- Atlassian work futurist Dominic Price highlighted the danger of businesses trying to predict the future.
- He explained that “if you predict too far ahead, you just end up building things that get you there to prove yourself”.
- Price also discussed the importance of unlearning to make way for you to learn something new.
If you want to prepare for the future, don’t try to predict it.
That’s a nugget of advice from Atlassian work futurist Dominic Price, who has been with the software business for just over 6 years.
Price was one of the speakers at the Atlassian Open event in Sydney on October 1, with his session exploring better approaches of working that will help you grow.

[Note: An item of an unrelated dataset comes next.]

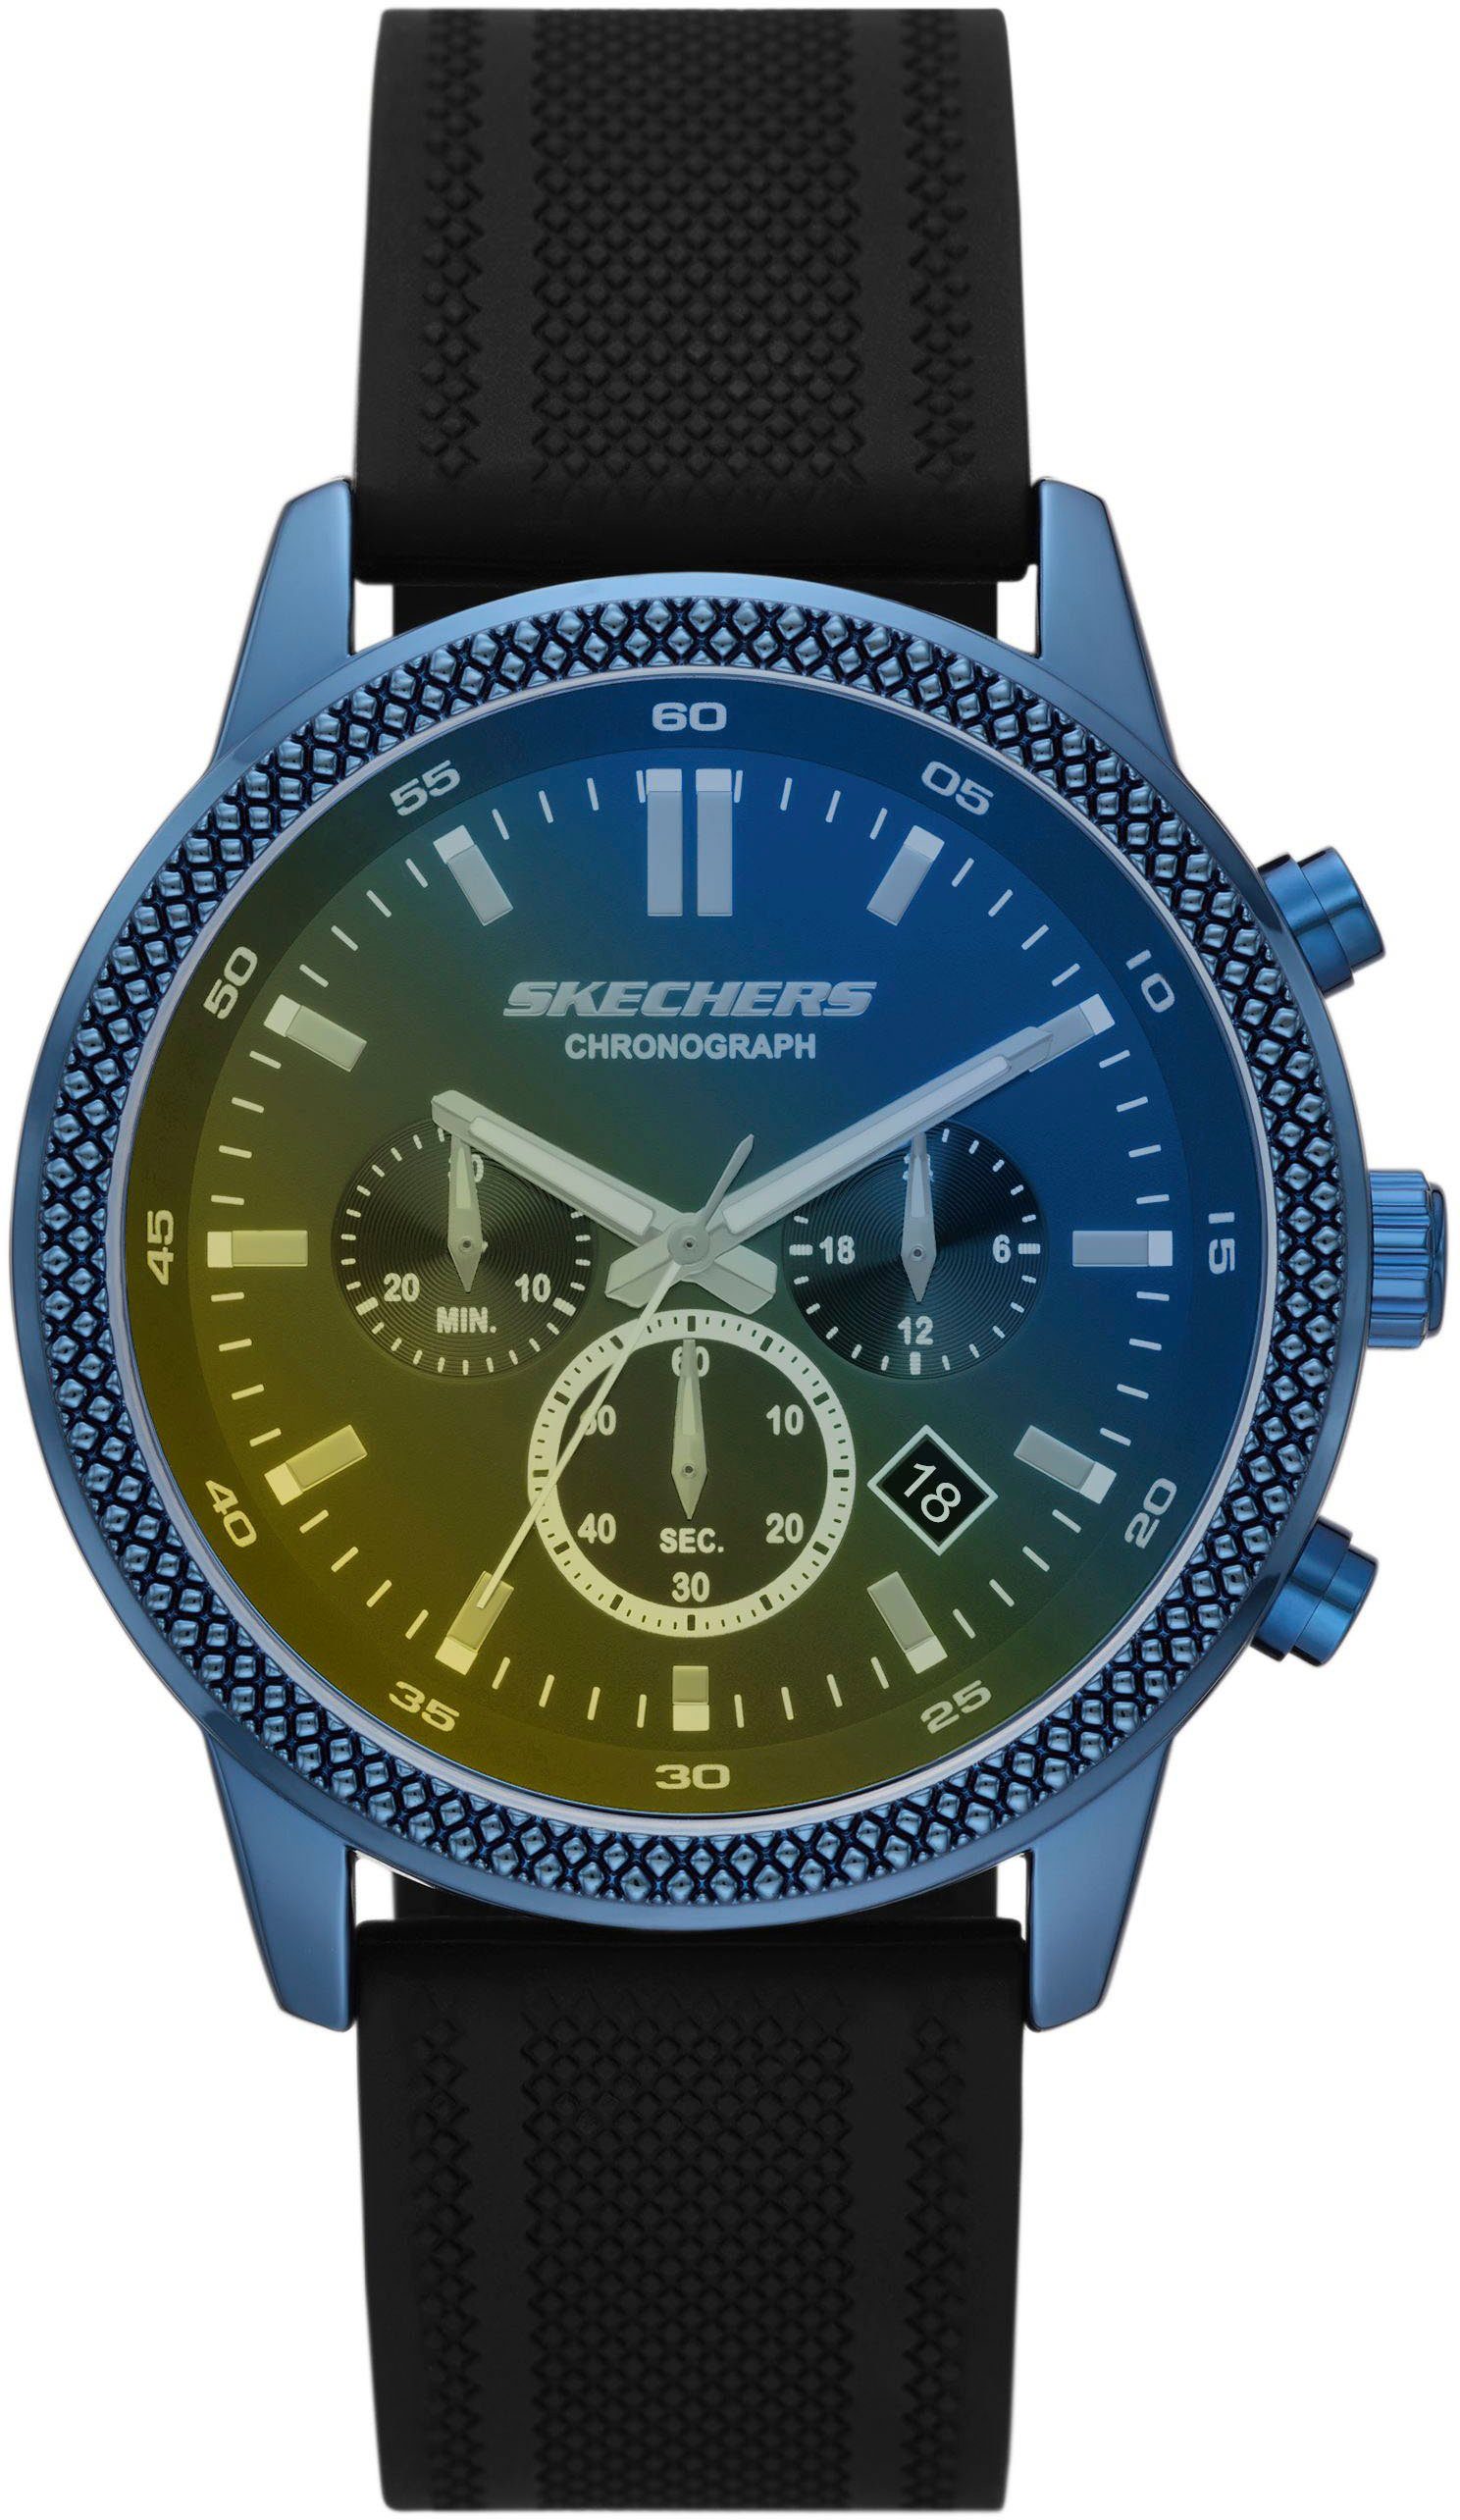 Skechers Chronograph CLARKDALE, SR5198, Quarzuhr, Armbanduhr, Herrenuhr, Stoppfunktion, Datum
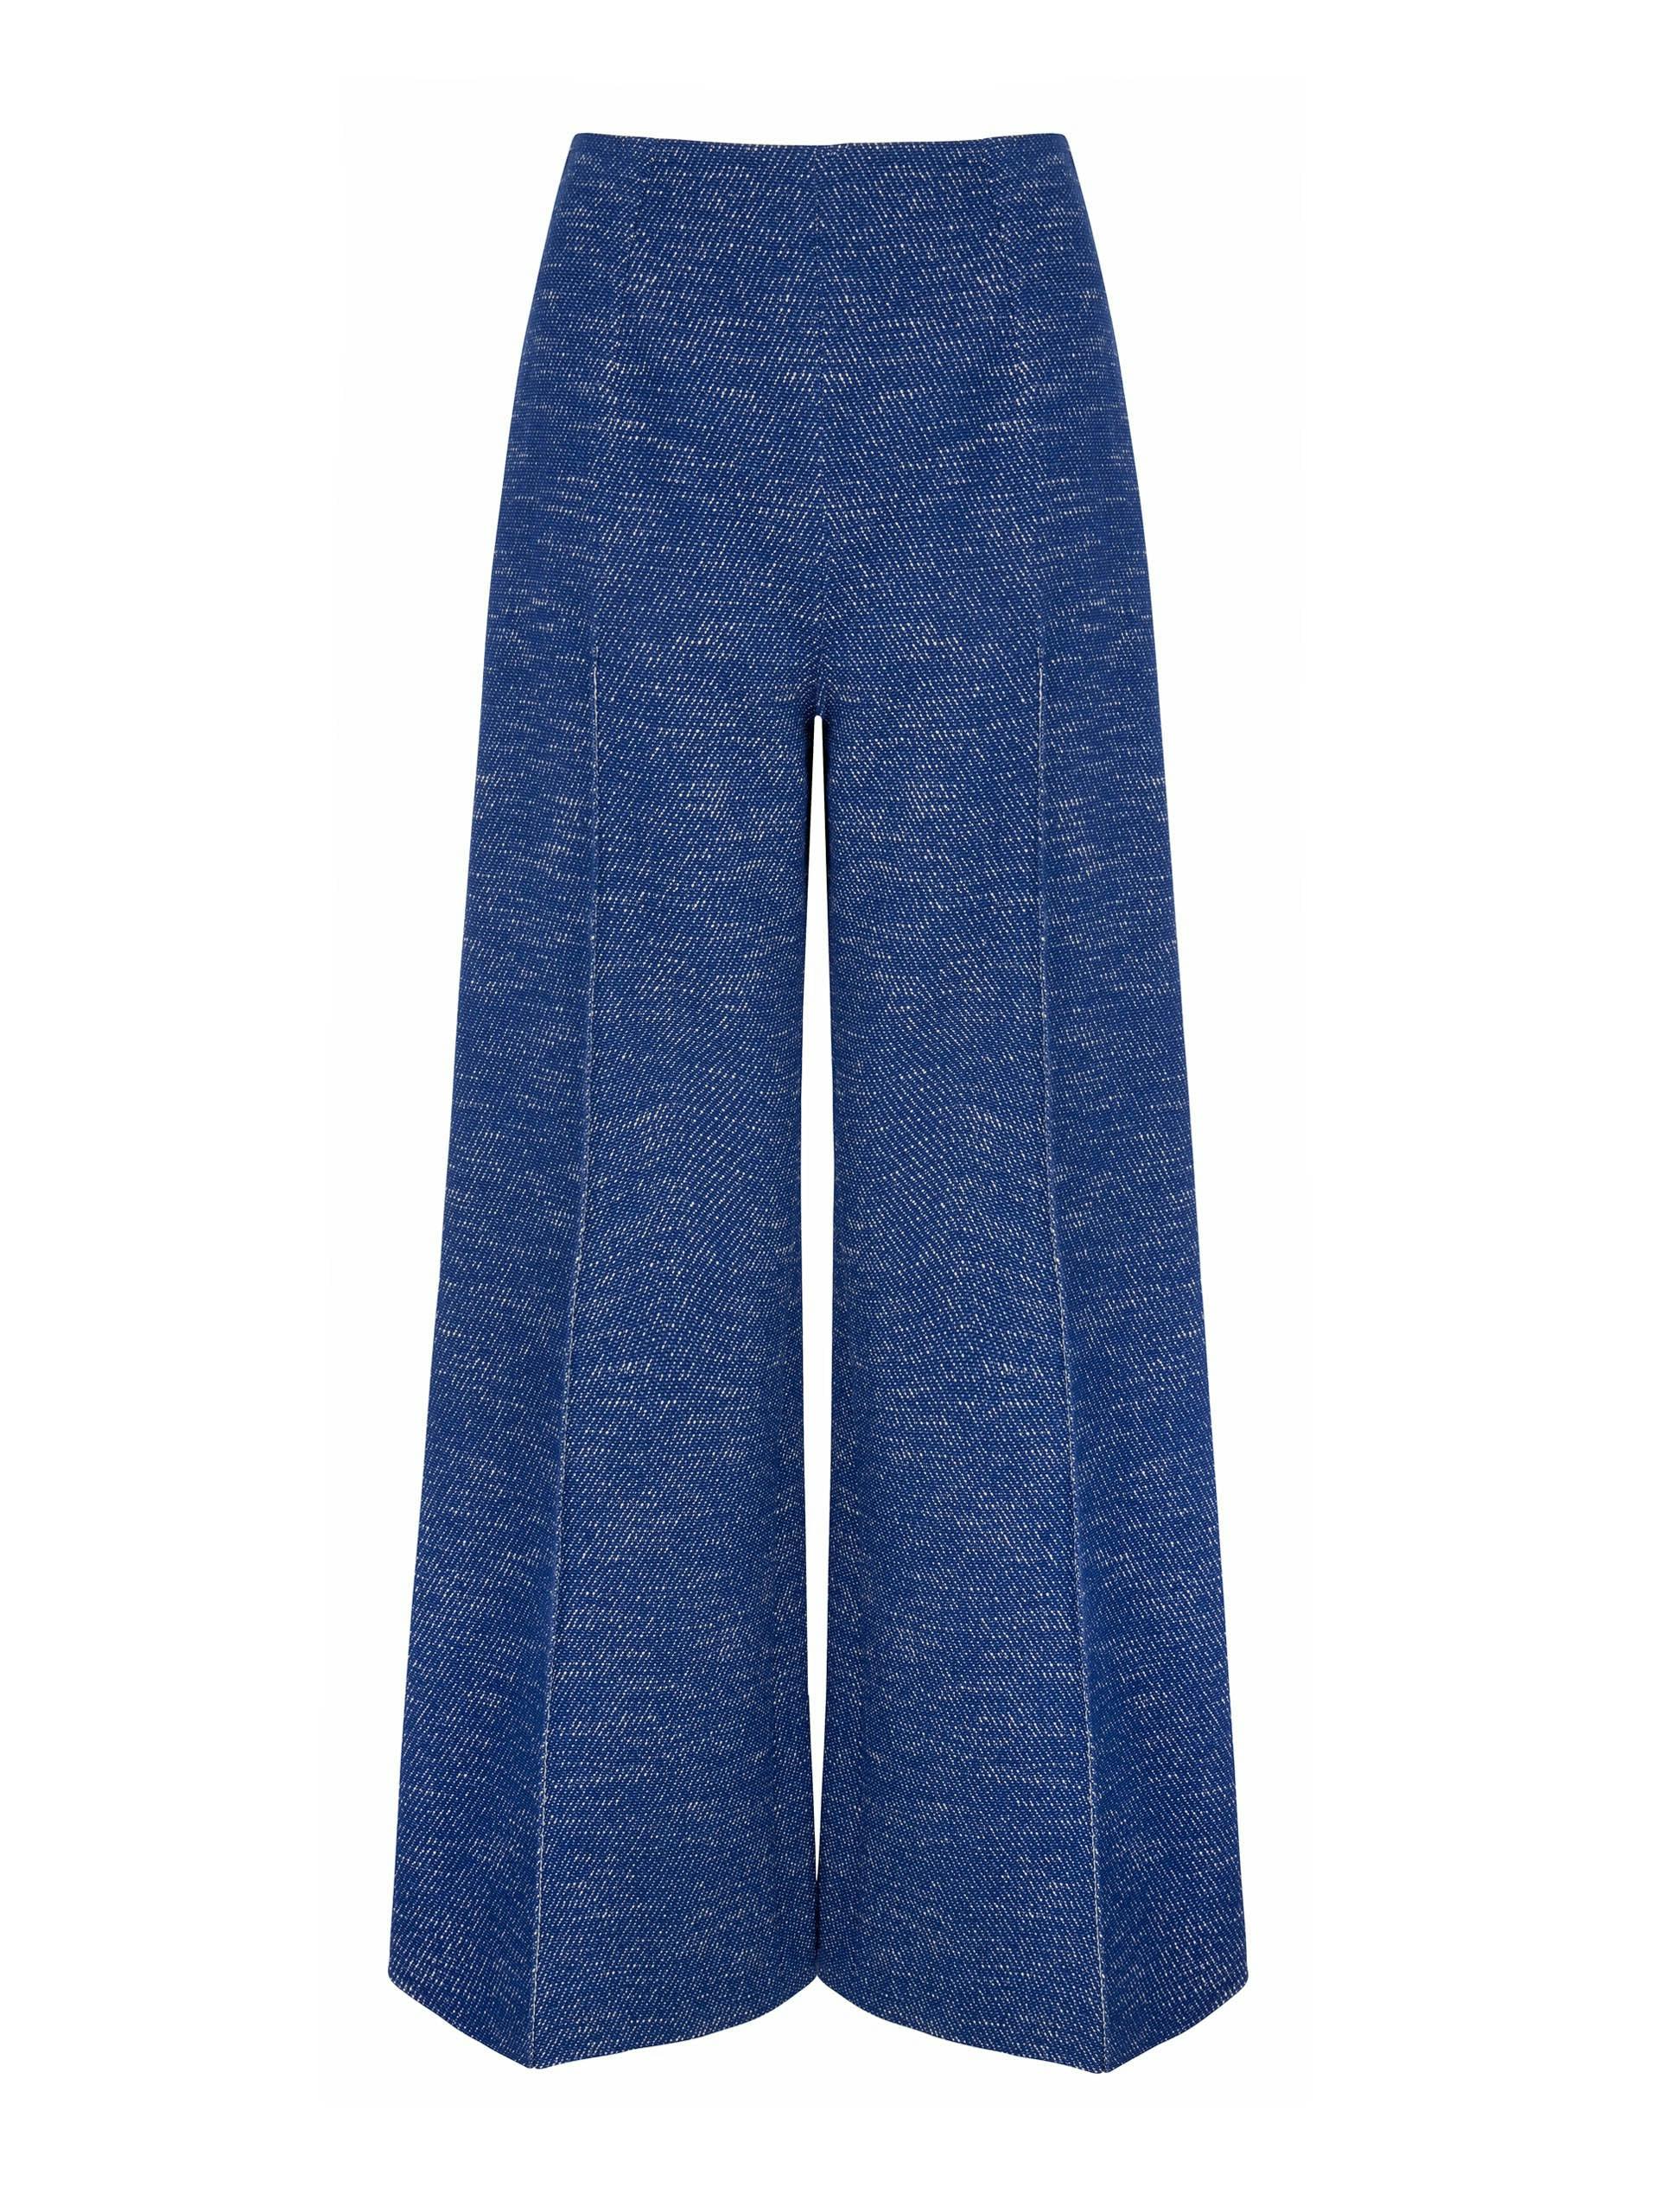 Blue high-rise Daffy trousers

Speaking to Business Insider Australia after his session, Price highlighted the dangers of predicting the future.
“There is this temptation to try and predict the future,” he said. “It’s normally a fallacy. Because if you predict too far ahead, you just end up building things that get you there to prove yourself. Because it’s way better for your ego.”
What Atlassian does instead, Price explained, is build a culture around experimentation and exploration.
“We have so much uncertainty in our business and with our customers, we can’t predict the future,” Price said. “If we do, really weird things happen. So instead of predicting the future, we go, ‘hang on, what can we understand’?
“We can understand that teams are more distributed, we understand that people coming through the system are more educated, we understand that [there are] more generations in the workforce, there’s more diversity…We understand all these trends. How do we build an environment that supports those trends?”
Price added that at Atlassian, when the company experiments and explores, it also has to be open to the fact that half its experiments go wrong.
“Suddenly, what you then realise is your superpower is your ability to learn and adapt faster than the next best person.”
It’s a process, Dominic said, that requires resilience, vulnerability and commitment.
The value of unlearning
Price discussed Atlassian’s desire to be more open – both as a way of being and a way of working. However, being more open also means you might have to unlearn habits you have built in the past.
“So when we think about this openness and unlearning, what we’re talking about is saying, how can you be the best version of you, not the best version of you in work – the best version of you full stop,” he said.
“And so we have to unlearn a whole [lot] of habits with family, with friends and in work. And then when you unlearn, you suddenly realise you’ve got the space, the freedom to be open, to try something new.”
Price added that unlearning is acknowledging that what got you to where you are now, isn’t necessarily what will get you to the next stage.
“What I know is that the thing that I used to do isn’t going to pay the same dividend in the future, because the world around me is changing, so I have to evolve,” Price said.
And this principle doesn’t only apply to your personal life, but in business as well.
“In reality – and this is what we see with organisations – you don’t have to evolve,” Price said. “You have a choice. And Atlassian, we’ve chosen to evolve, we want to stay more relevant.
“For us, this is around saying how are we open to understanding the future of work? How are we open to unlearning our old habits, and then how [are] we open to trying something new?”